### Exercise objective:
Reproduce the listing in full, pictures excluded.

### Information shown:
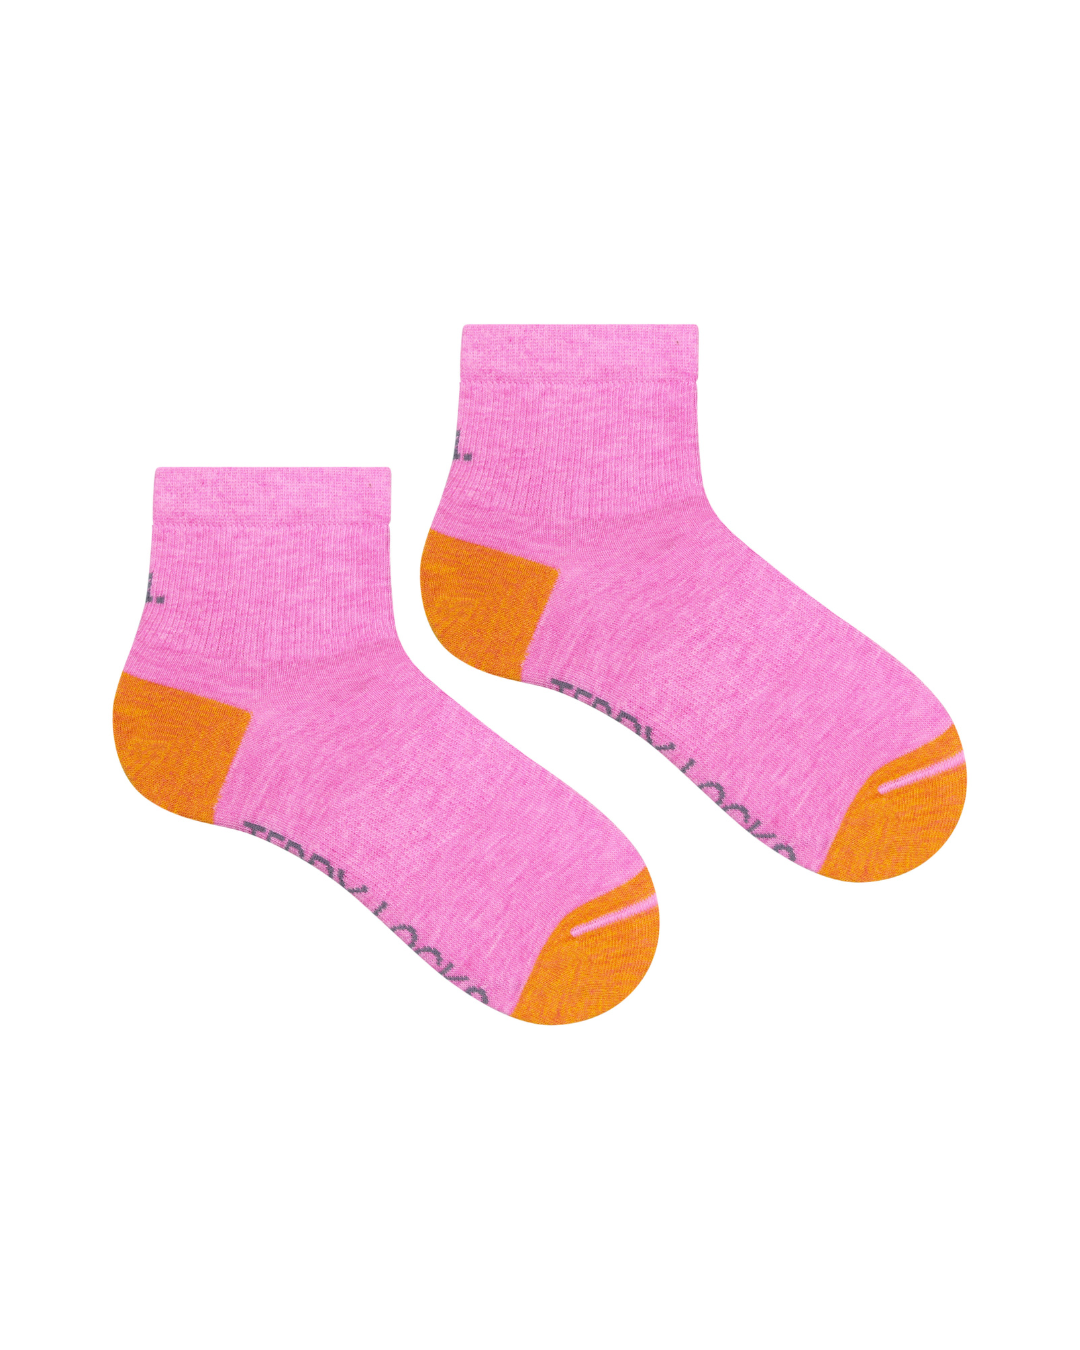 Pink quarter length sock. Sport sock, athletic sock, ankle length sustainable sock
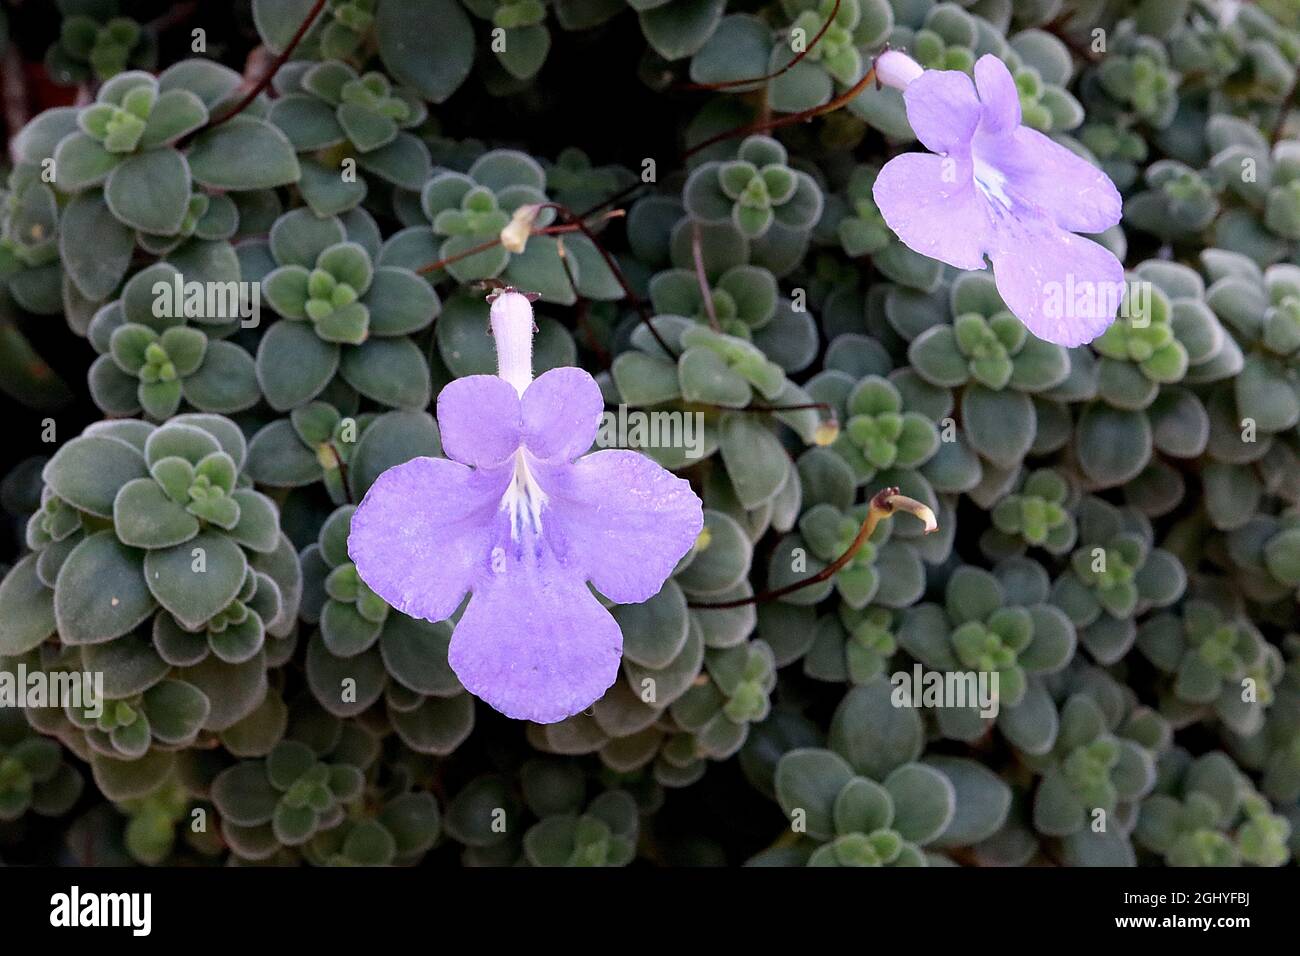 Streptocarpus saxorum falso violeta africano – flores en forma de embudo malva y pequeñas hojas carnosas de color verde oscuro ovado, agosto, Inglaterra, Reino Unido Foto de stock
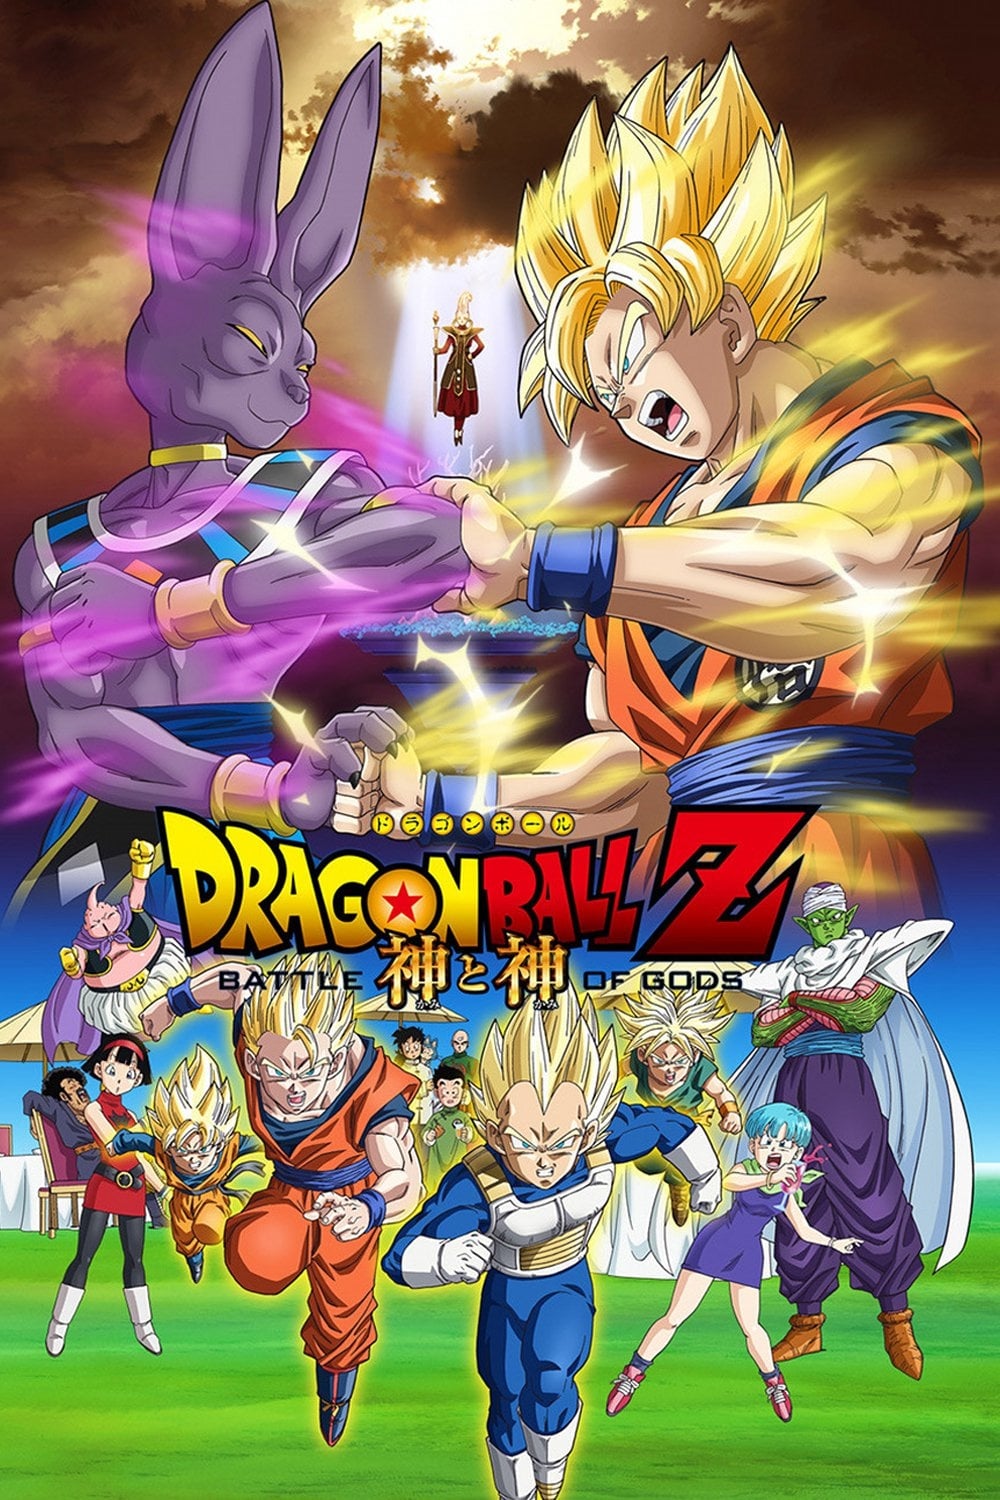 Dragon Ball Z: La Batalla de los Dioses

### Answer space:
 Pink quarter length sock. Sport sock, athletic sock, ankle length sustainable sock
 Streptocarpus saxorum falso violeta africano – flores en forma de embudo malva y pequeñas hojas carnosas de color verde oscuro ovado, agosto, Inglaterra, Reino Unido Foto de stock
 Dragon Ball Z: La Batalla de los Dioses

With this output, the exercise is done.